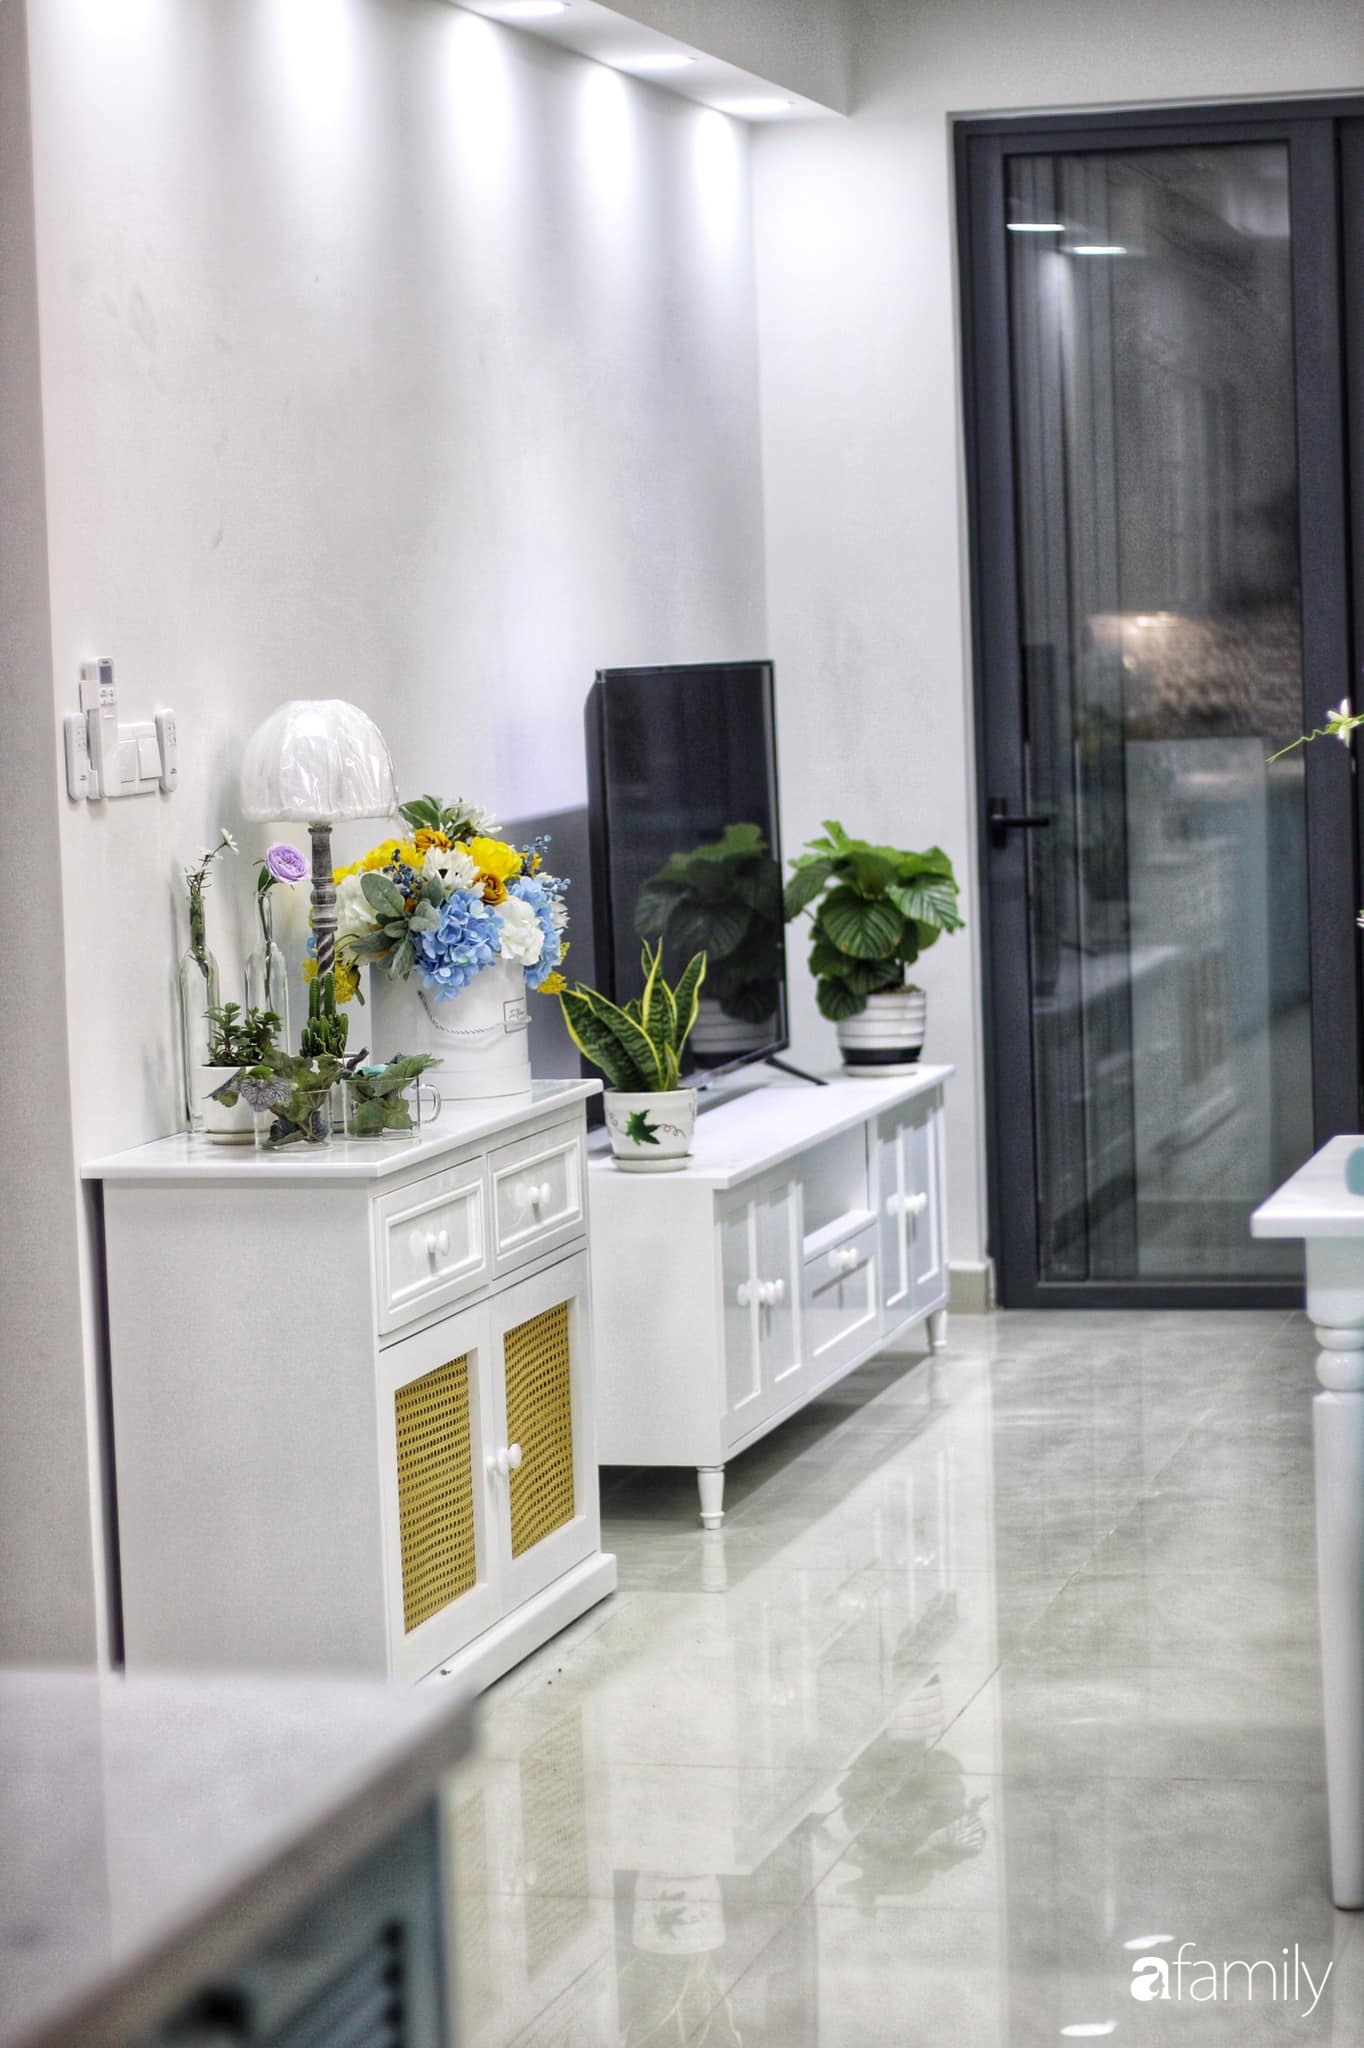 Căn hộ 71m² đẹp nhẹ nhàng, xinh yêu với điểm nhấn màu xanh bạc hà có chi phí hoàn thiện 200 triệu đồng ở Sài Gòn - Ảnh 8.
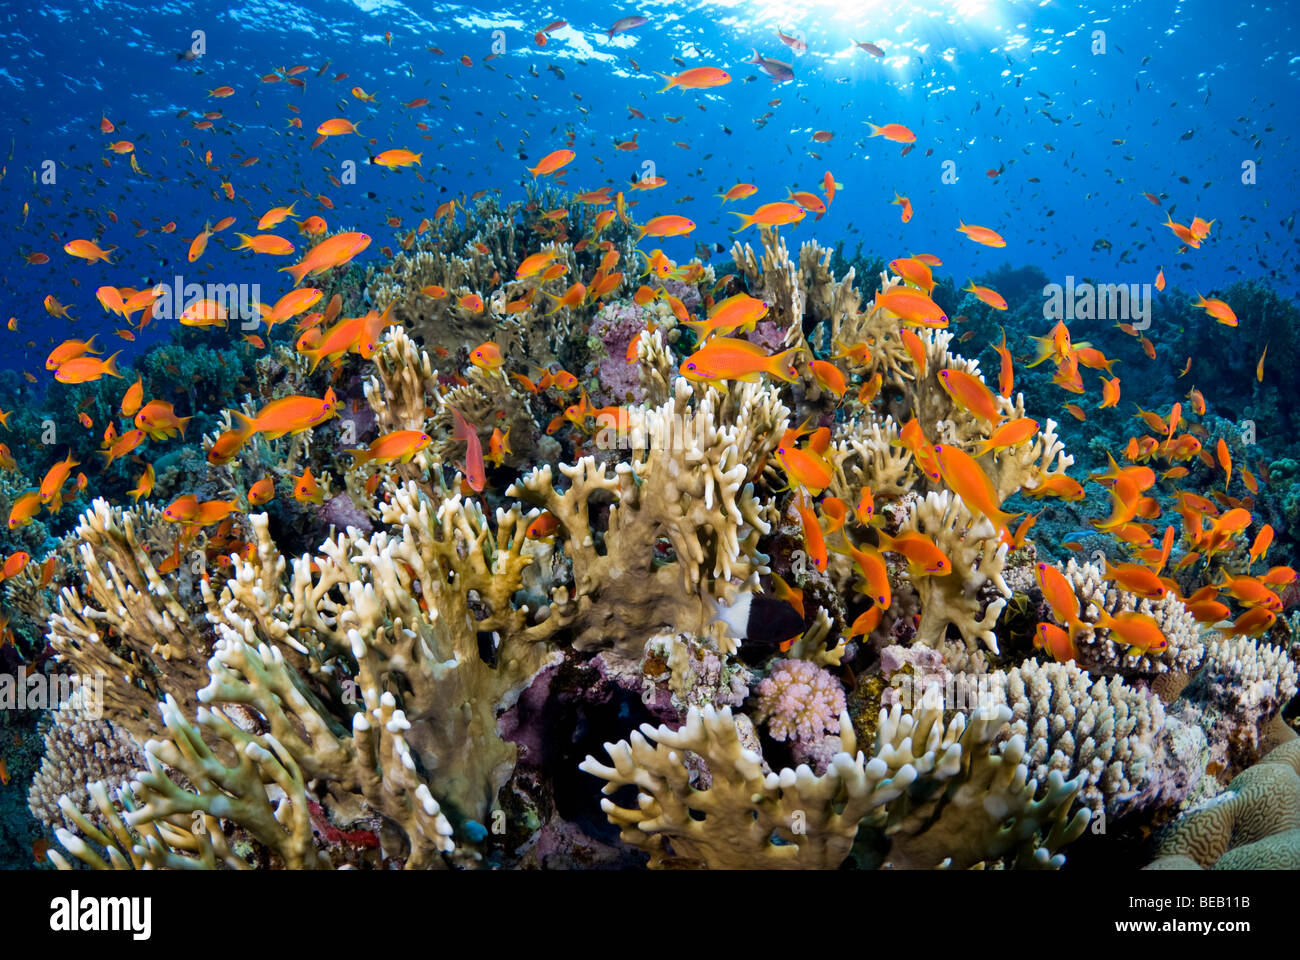 Amanecer en el arrecife de coral de fuego con cardumen de anthias. Foto de stock
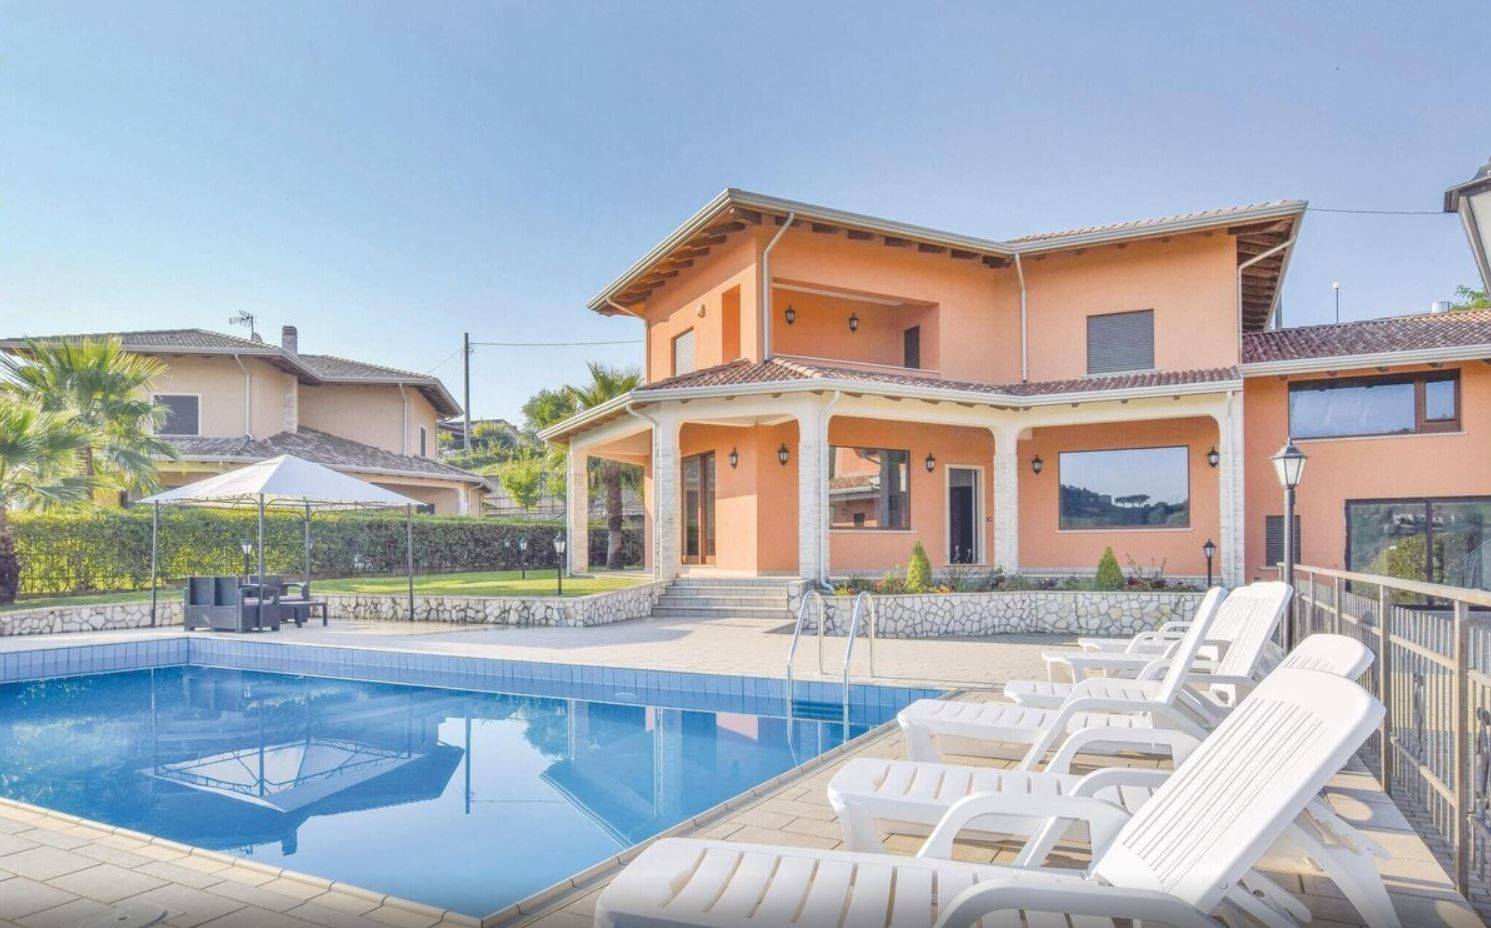 Villa in vendita a Rende, 9 locali, zona Località: MALVITANI, prezzo € 480.000 | PortaleAgenzieImmobiliari.it

#### [Exercise brief]
Please retype the lines from the one that contains "Amanecer en el" through the final line of the data, both included, without any pictures.

#### [Exercise output]
 Amanecer en el arrecife de coral de fuego con cardumen de anthias. Foto de stock
 Villa in vendita a Rende, 9 locali, zona Località: MALVITANI, prezzo € 480.000 | PortaleAgenzieImmobiliari.it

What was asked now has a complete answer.